● EXERCISE OBJECTIVE
Write out again, exactly, the lines below starting at the one with "婴佳爽YINGCOOL商标图片" and ending at the one with "Gurung CBSE Class".

● TASK MATERIAL
*** Block opens ***

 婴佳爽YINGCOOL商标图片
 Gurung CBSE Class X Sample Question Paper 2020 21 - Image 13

*** Block closes ***
*** Block opens ***

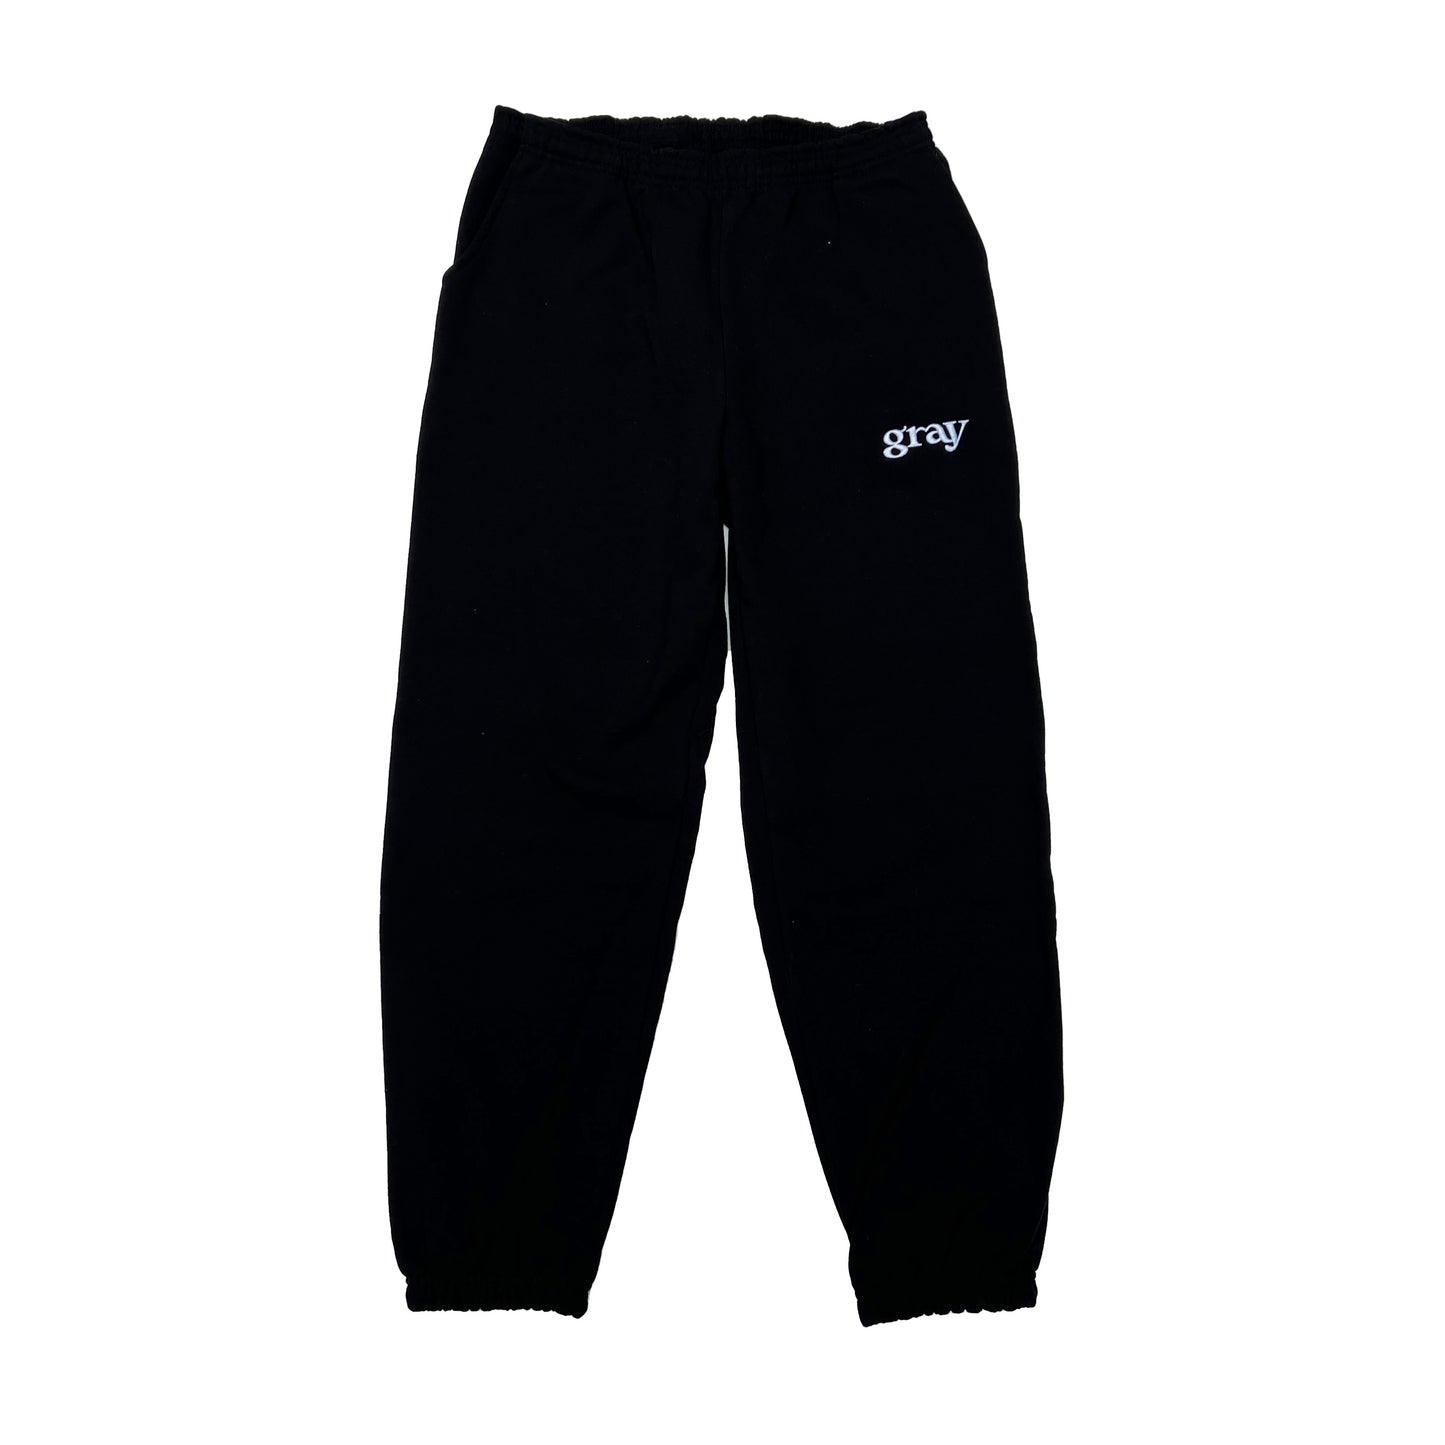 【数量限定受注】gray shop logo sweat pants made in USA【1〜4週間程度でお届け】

*** Block closes ***

● RESPONSE FOR THIS EXERCISE
 婴佳爽YINGCOOL商标图片
 Gurung CBSE Class X Sample Question Paper 2020 21 - Image 13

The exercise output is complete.